Ларин удивился, что она не ударила его по щеке.
– Надежда Петровна, если я скажу, только между нами, можно?
– Да, конечно… но…
– Мне не хватает денег. Банально и просто. Вы меня понимаете? Жена родила, а я не могу встретить ее из роддома. Мы живем в рассыпающемся доме на первом этаже, а напротив нас роют котлован для роскошного элитного жилья. Моя машина разваливается, я даже скейт ребенку не могу позволить.
– Ларин… понимаю вас, и… скорее всего, не могу дать вам совет. Все выкручиваются – уроки, консультации, репетиторство. Объясните – как? Как вы хотите заработать сторожем?
Он подошел, наклонился ближе к ее уху и что-то прошептал.
Она повернула лицо к нему.
– Правда? Пожалуй, это я могу понять. На вас похоже, вы еще молодой и, безусловно, талантливый, поэтому написать книгу – отличная идея. Уж не знаю, как отнесется к вашей идее жена, да и не мое это дело, но, полагаю, вы с ней все обсудили. Это не меняет дело Успенского. Не знаю ваших истинных мотивов, но надеюсь, что они такие же благородные, как и те, что сподвигли вас на написание вашего произведения. Надеюсь, вы не считаете меня дурой?
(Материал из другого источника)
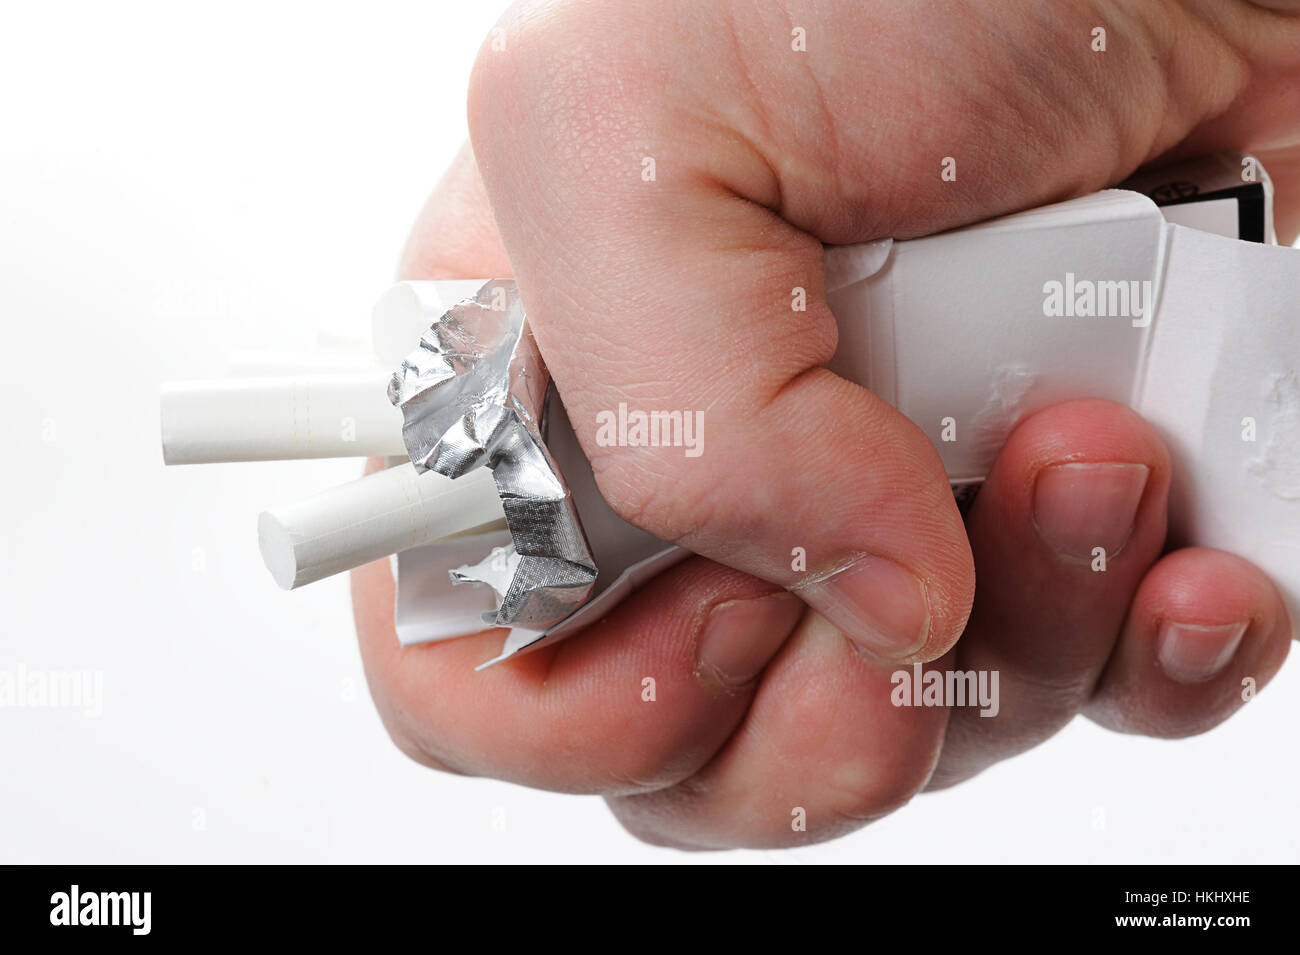 Schiacciare pacchetto di sigarette con pugno isolato su bianco Foto Stock

– Боже упаси, Надежда Петровна.
– Тогда действуйте. И не думайте, что в связи с ночными сменами к вам будет какое-то привилегированное отношение.
– Разумеется.
Она повернулась и пошла прочь. Несомненно, это была ее школа.
Глава 18
– Света, дорогая, привет! Ну, как ты, как малышка? – Ларин звонил жене все утро, она не снимала и не отвечала на СМС, но, после того как Комарова скрылась из виду, трубка наконец откликнулась. – Черт, я все утро звонил!
Слышно было, как по проводам, соединяясь в одну звенящую от напряжения ноту, доносятся крики только что рожденных малышей.
– Дима, – сказала она, – привет! Телефон разрядился, а я тут совсем ориентацию потеряла, дети орут, не заметила вызов. Самочувствие так себе, голова еле соображает, хотя уже получше, конечно. Не выспалась, все болит.